I have five kids.  The house never seems to be organized.  Toys, crayons, and other random things are everywhere.  And no matter how hard my wife and I try; socks never get into the hamper. NEVER.

Even I contribute to the chaos. Sometime the dishes have to wait until the next day to get washed.  Papers I need to grade sit on the island in our kitchen.  Unread magazines pile up.  Movies checked out from the library are clustered by the TV. (Sometimes my socks are still on the floor on my side of the bed the next night.) Life is messy.

I believe that learning is the same way, messy.  Learning to walk is a repeated exercise in failure. A step, then a tumble.  And not any simple tumble, but a crazy fall.  And each tumble is different.  One time straight down landing on their bottom, another time a 180 twist with a face plant.

This weekend we had our first “wall art” incident.
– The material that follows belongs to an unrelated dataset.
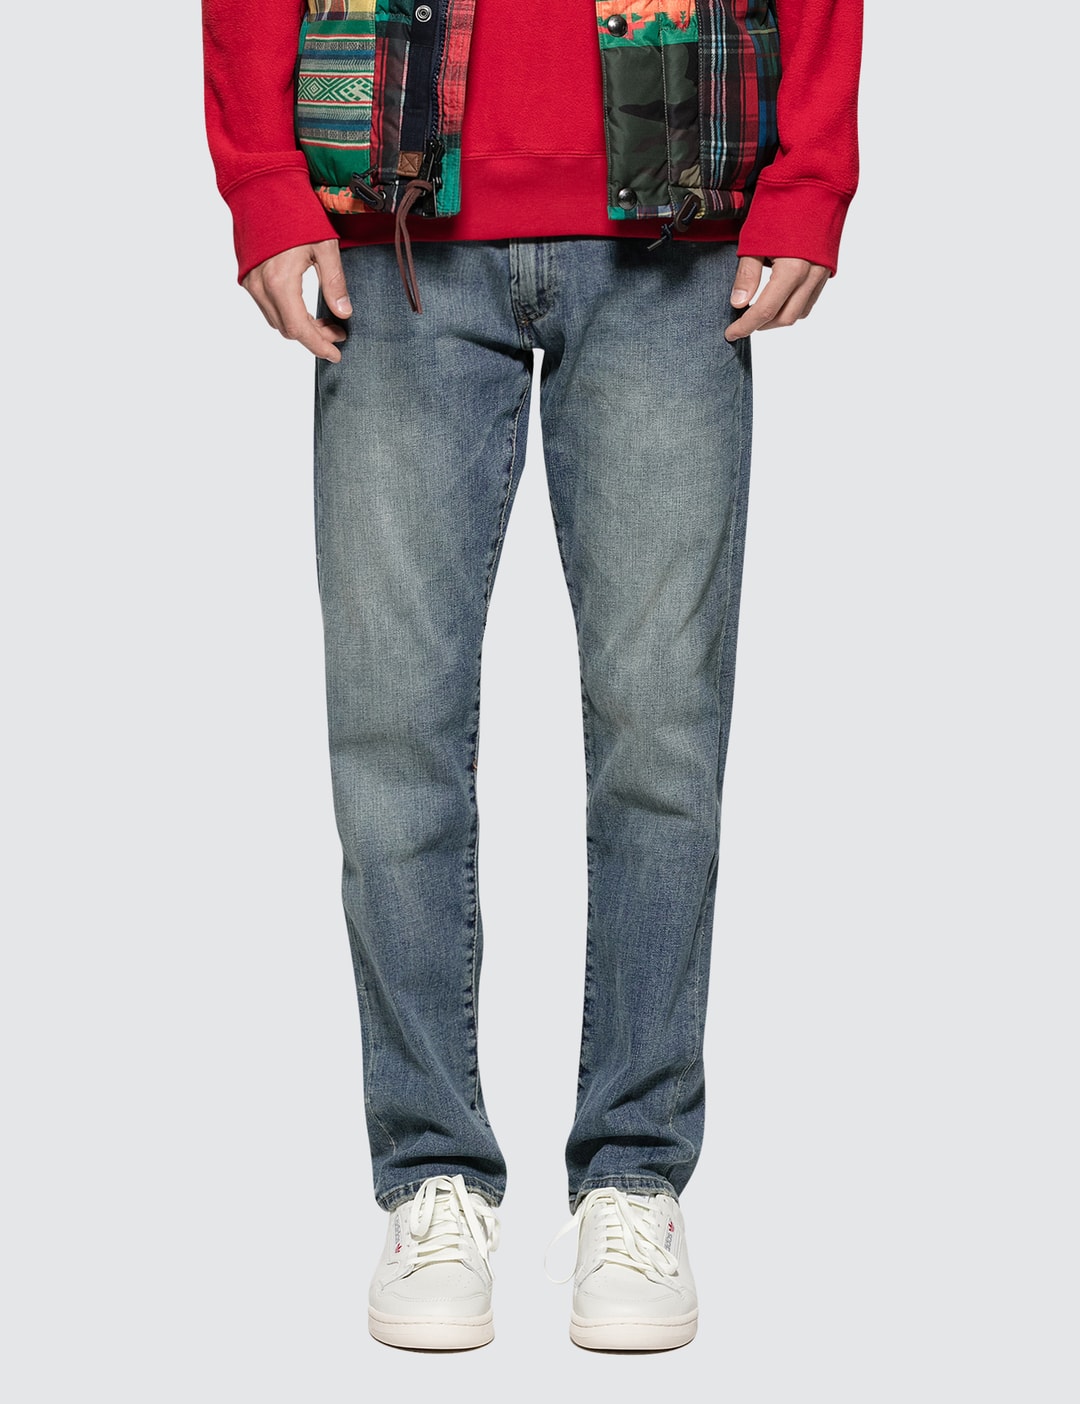 Polo Ralph Lauren - Hampton Straight Fit Denim Jeans | HBX - Globally  Curated Fashion and Lifestyle by Hypebeast
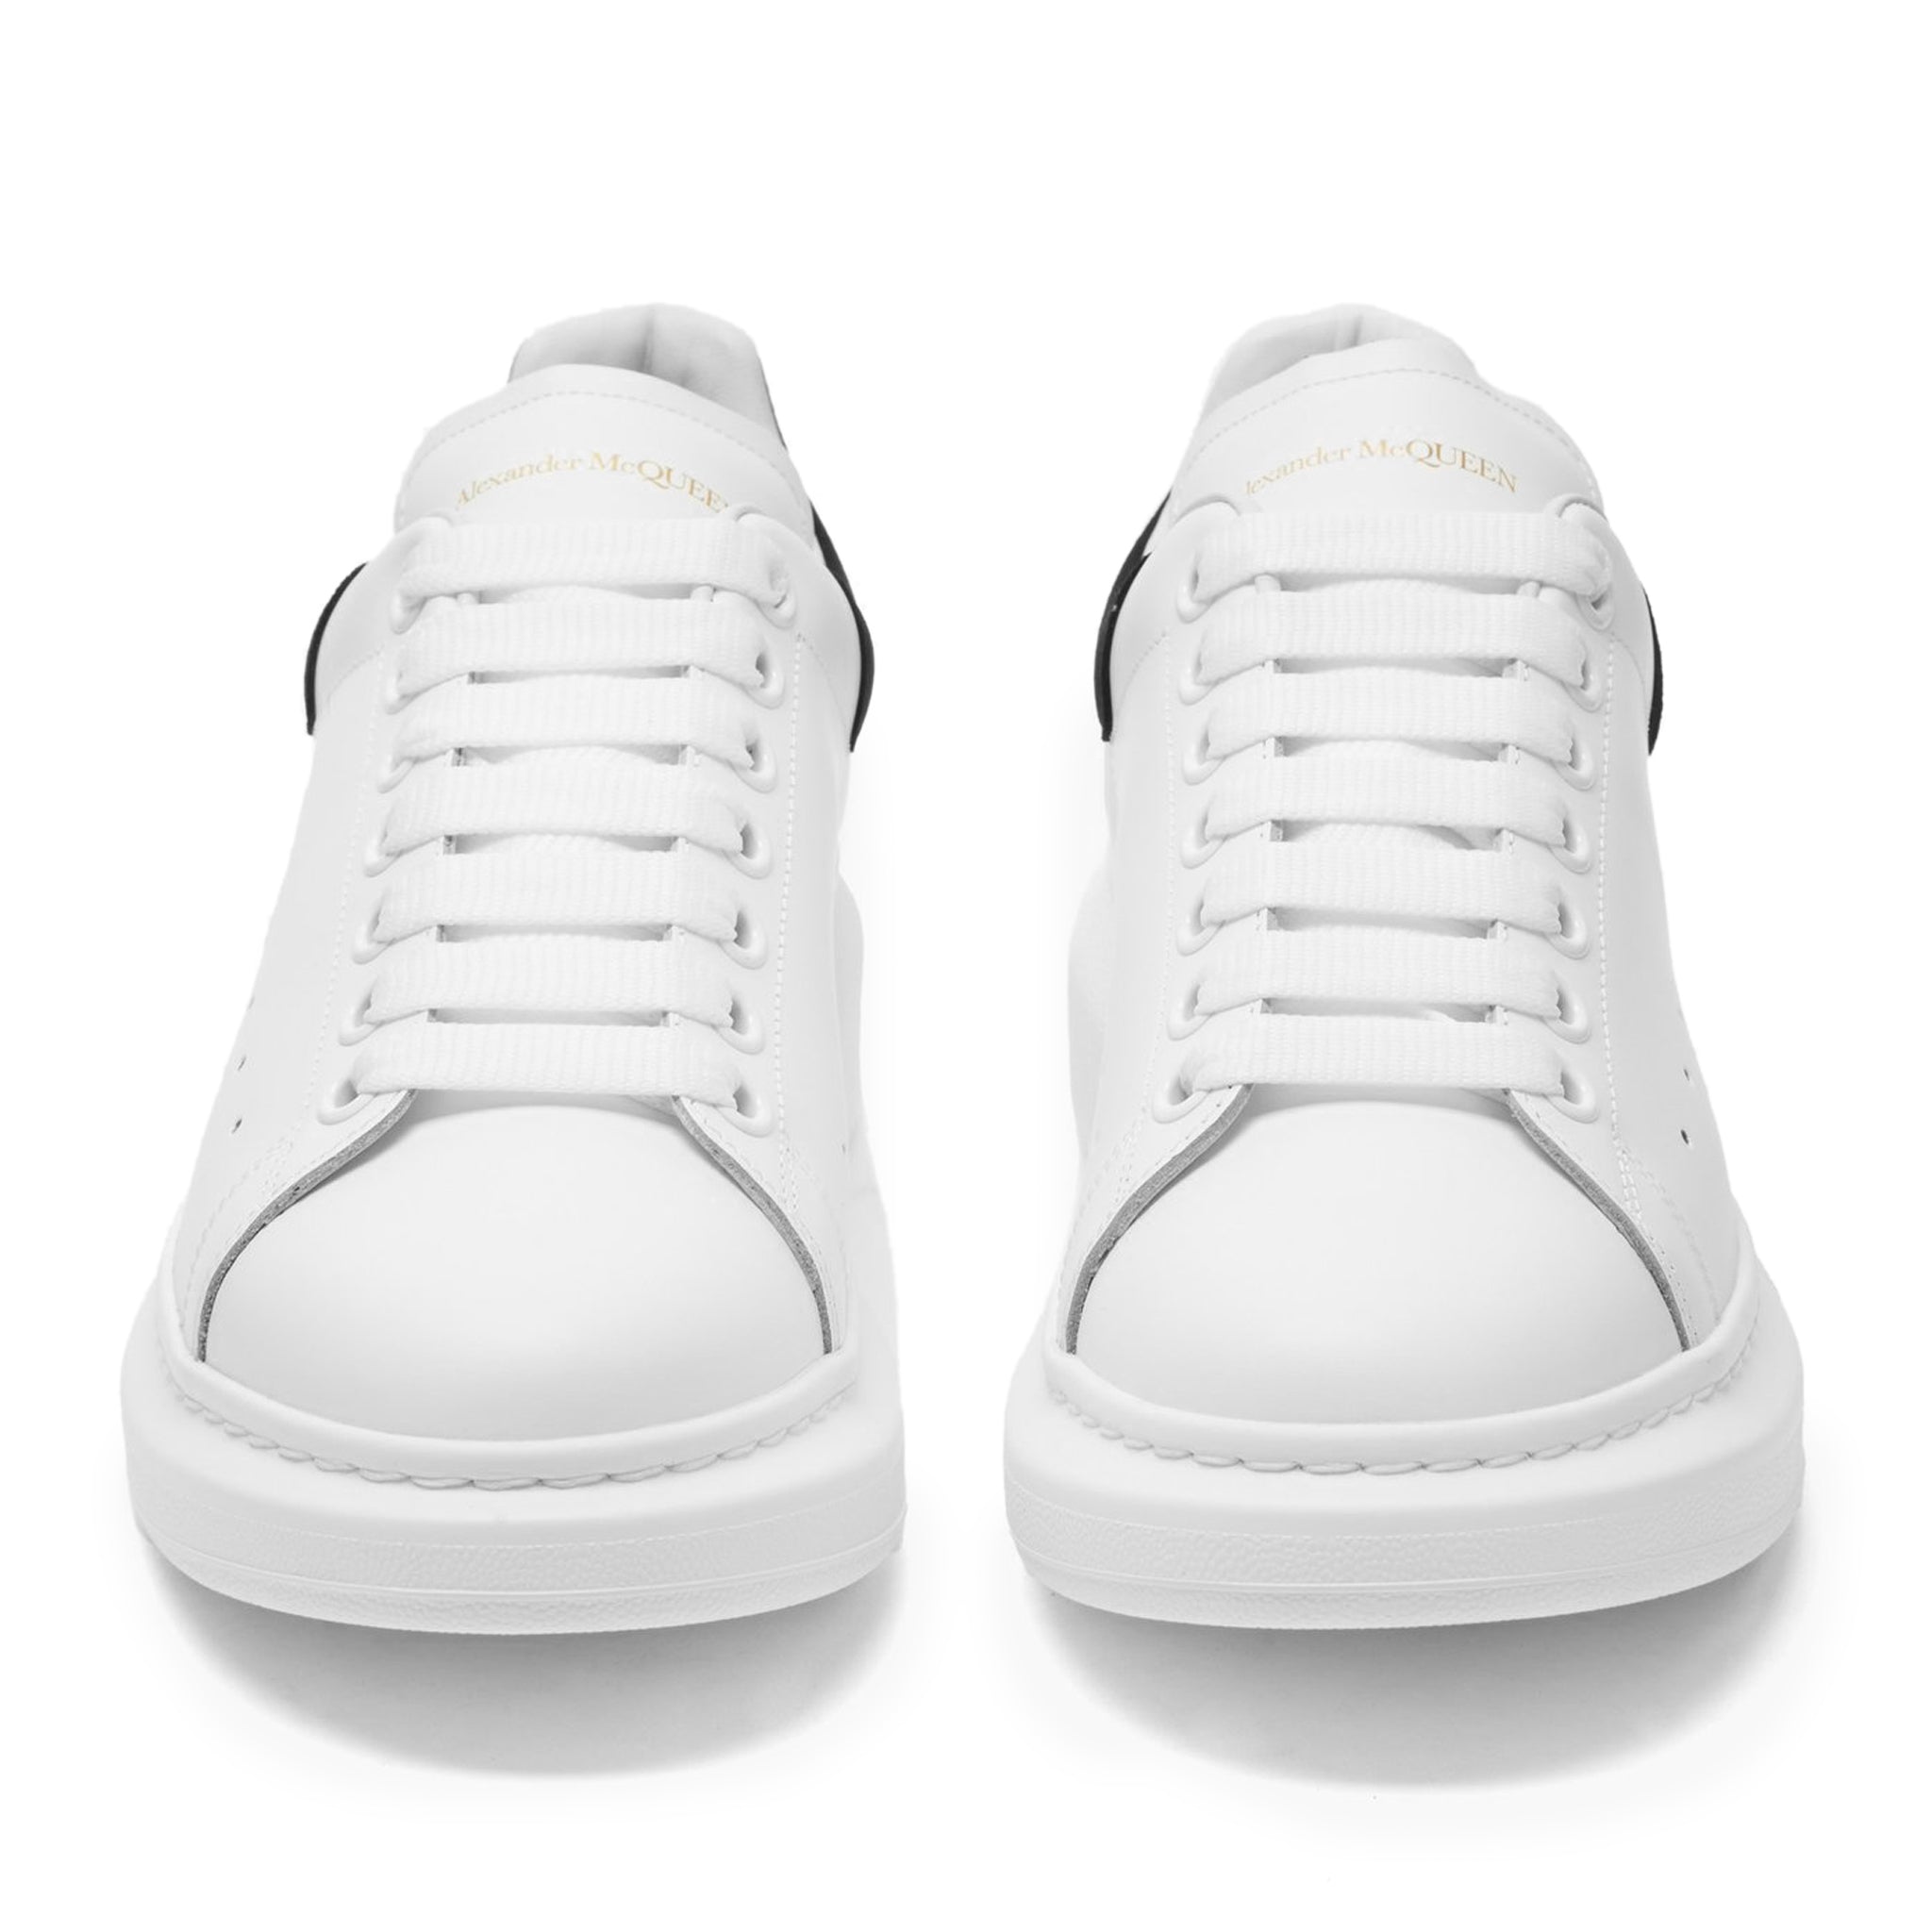 OLace view of Alexander Mcqueen Raised Sole White Black Suede Sneaker

Four walls covered in straight pen lines.  Our family has gone through untold notebooks filled with scribbles.  Hands, arms, and even church clothes have been scrubbed free of children’s artwork.   Not to mention the mess kids make of the English language as they learn to read and write. Raising kids is a messy job.

But learning is a messy job too.

But almost every aspect of school fights against it.  Rows of desk. Quiet. Bell schedules. Grades. Unit of studies that are soon forgotten by students.

Organized.

Clean.

But we are messy people.  Our minds wander from thought to thought.  Our bodies like to move. Think of how we get Spring Fever, especially with this nice weather.  We doodle, we eat chips, we talk, and we laugh and cry.  Our daily life is filled with all kinds of messy situations, and that is good.  Many students’ say school is a prison.  Maybe what they are saying is that they don’t get to be messy.  They don’t get to express themselves as we all do in life.